What this task involves —
Using the data below, return word for word every line from the one holding "iPhone Batman Logo" down to the one holding "An idyllic autumn forest". Leave pictures out.

[Materials provided — start]

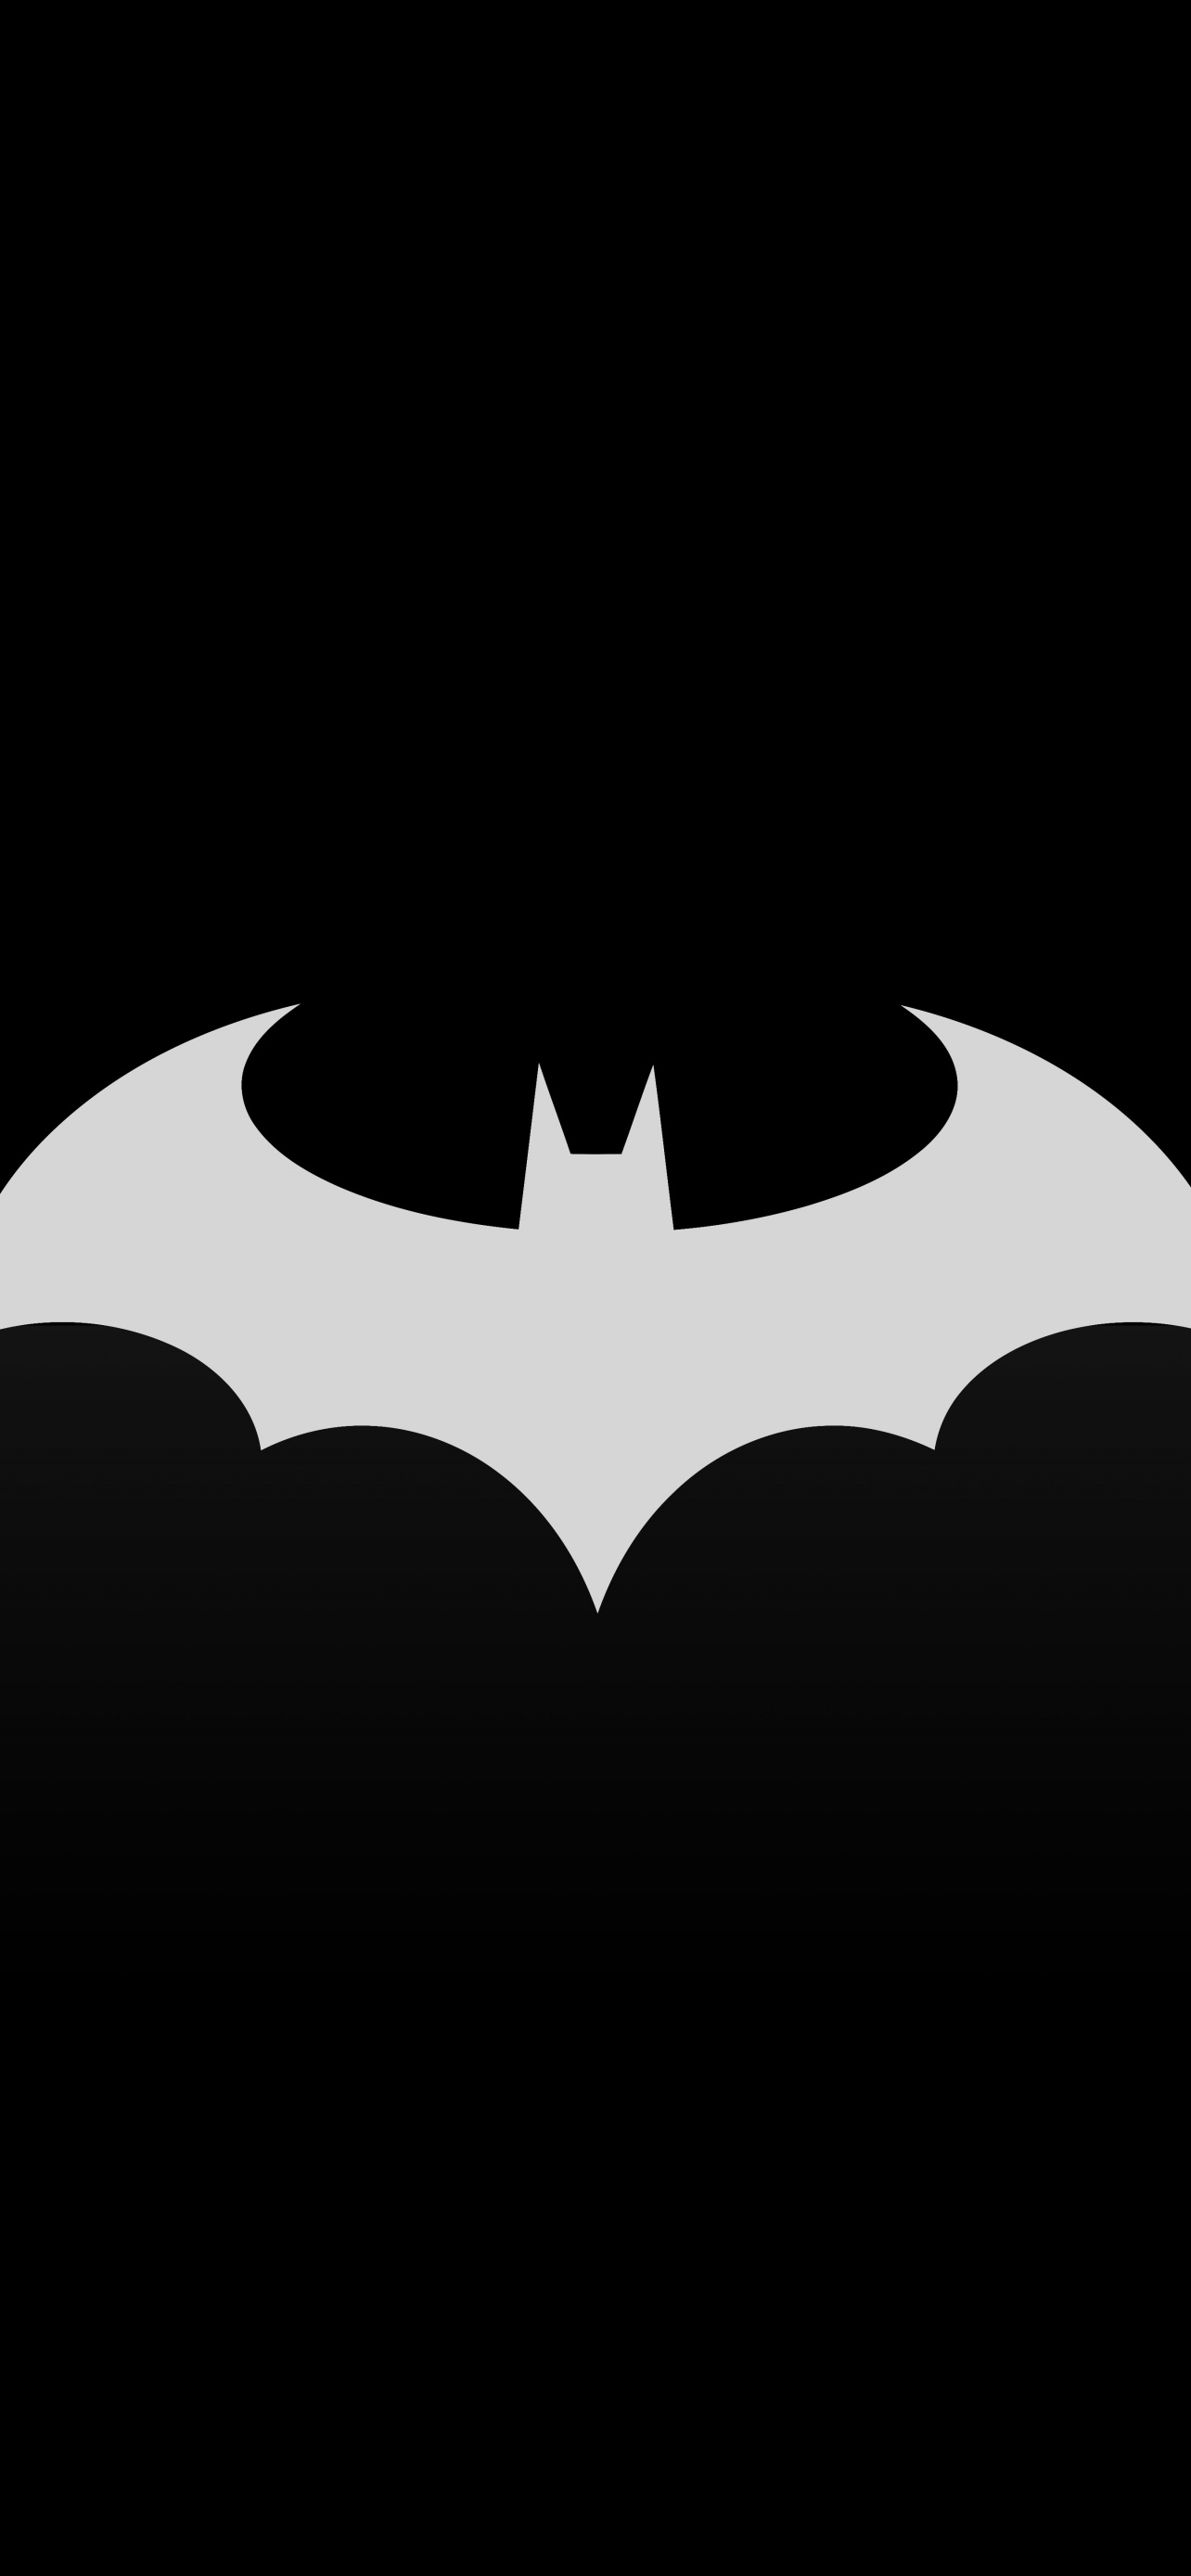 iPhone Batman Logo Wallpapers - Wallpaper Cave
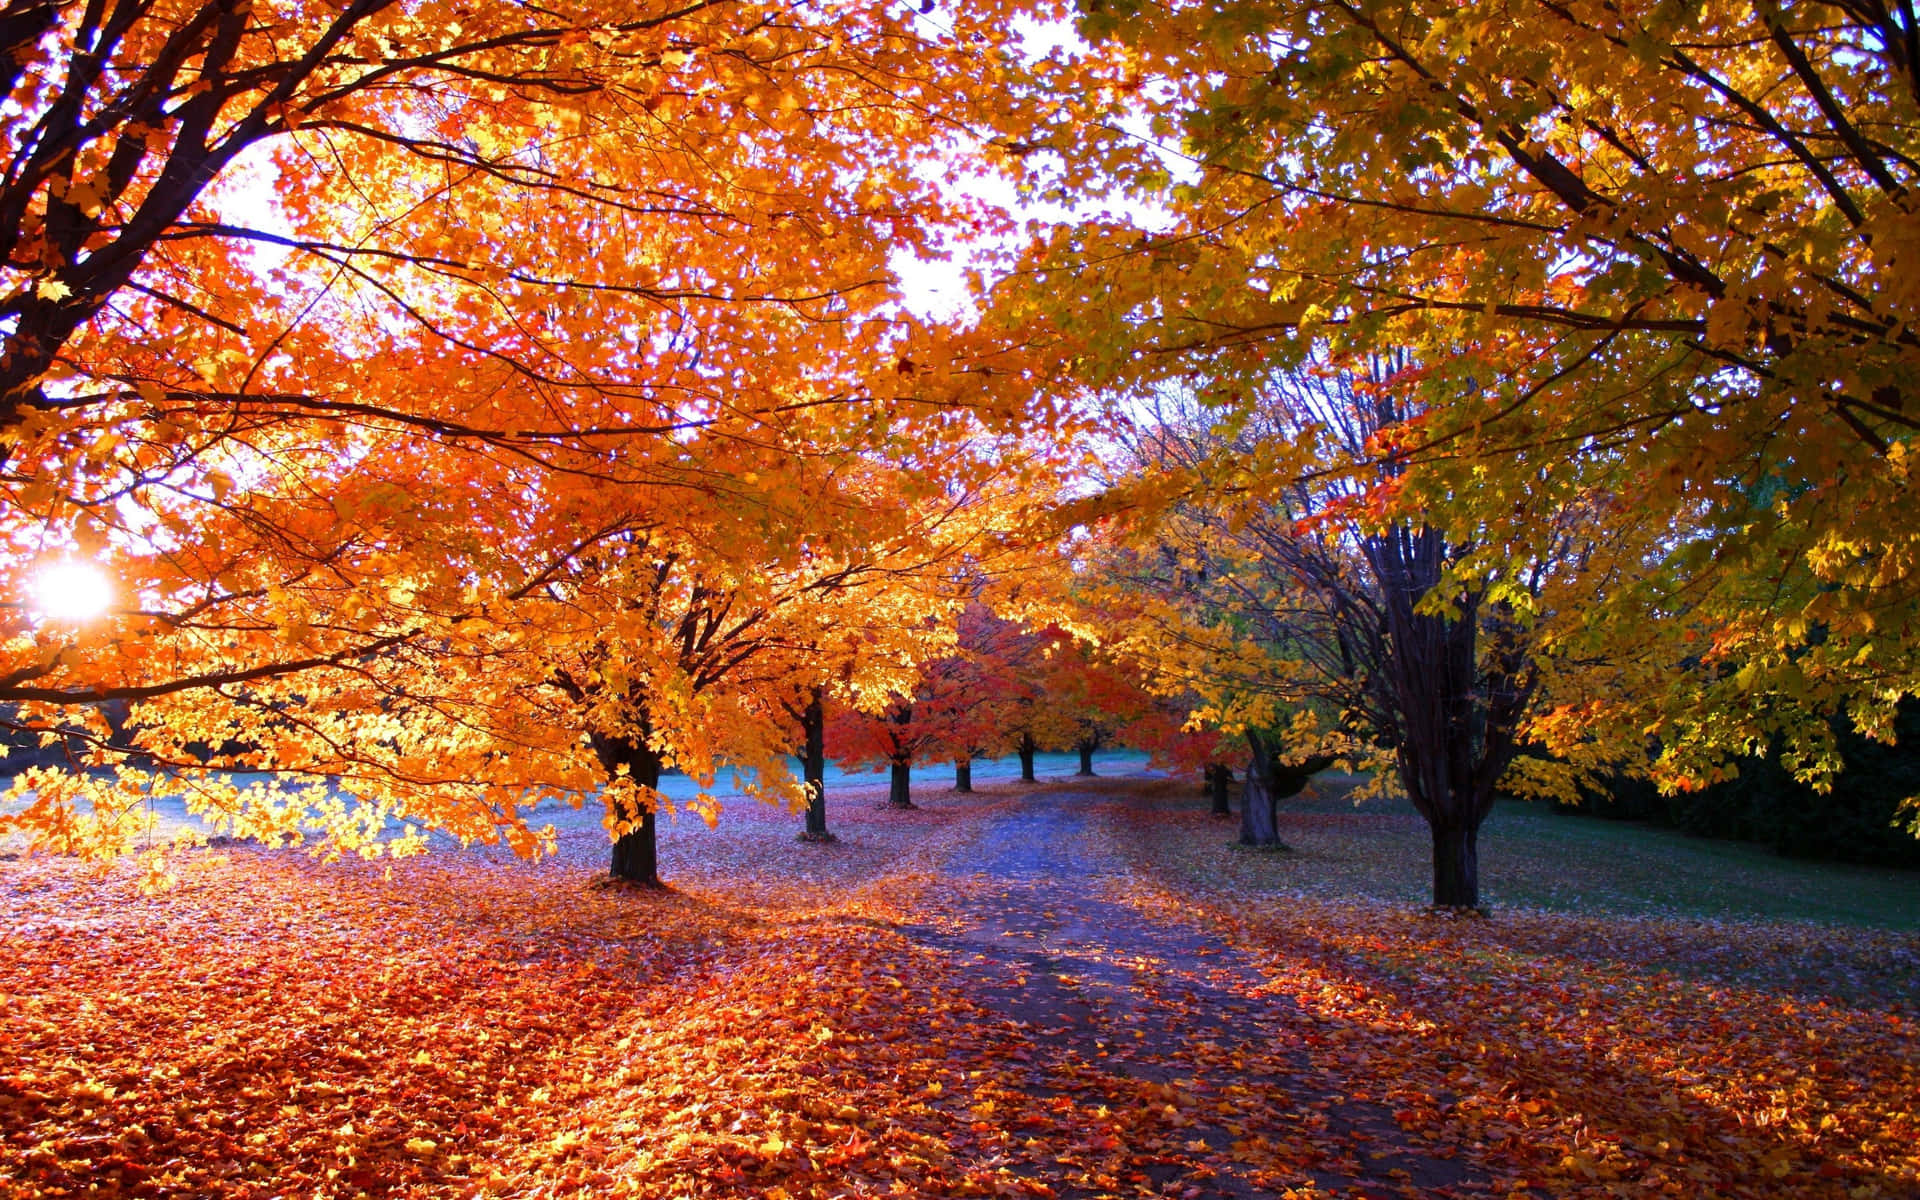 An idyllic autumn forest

[Materials provided — finish]
[Materials provided — start]

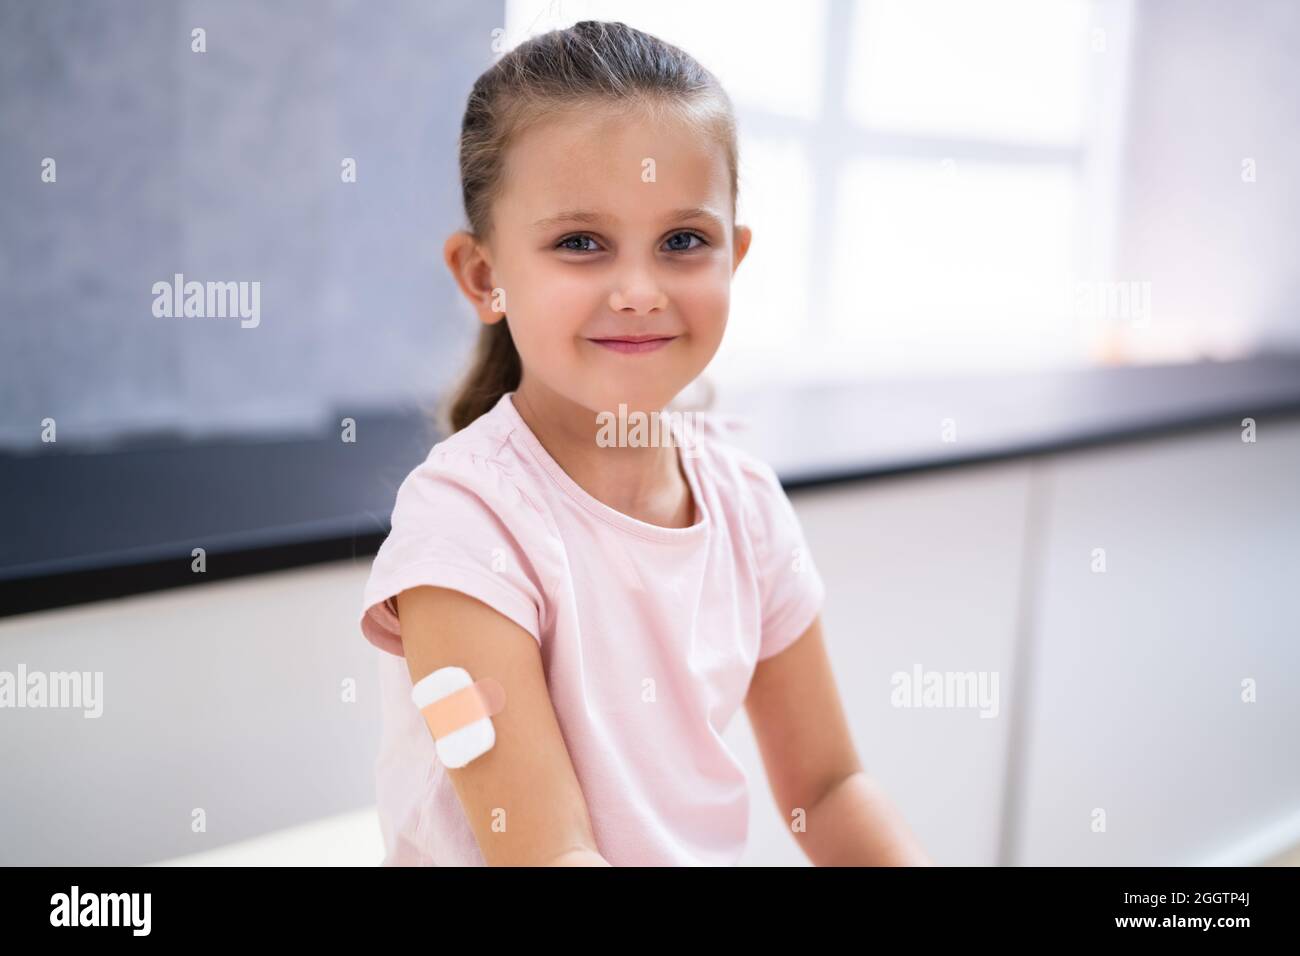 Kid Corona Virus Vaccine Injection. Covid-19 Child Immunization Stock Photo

[Materials provided — finish]

Written response —
 iPhone Batman Logo Wallpapers - Wallpaper Cave
 An idyllic autumn forest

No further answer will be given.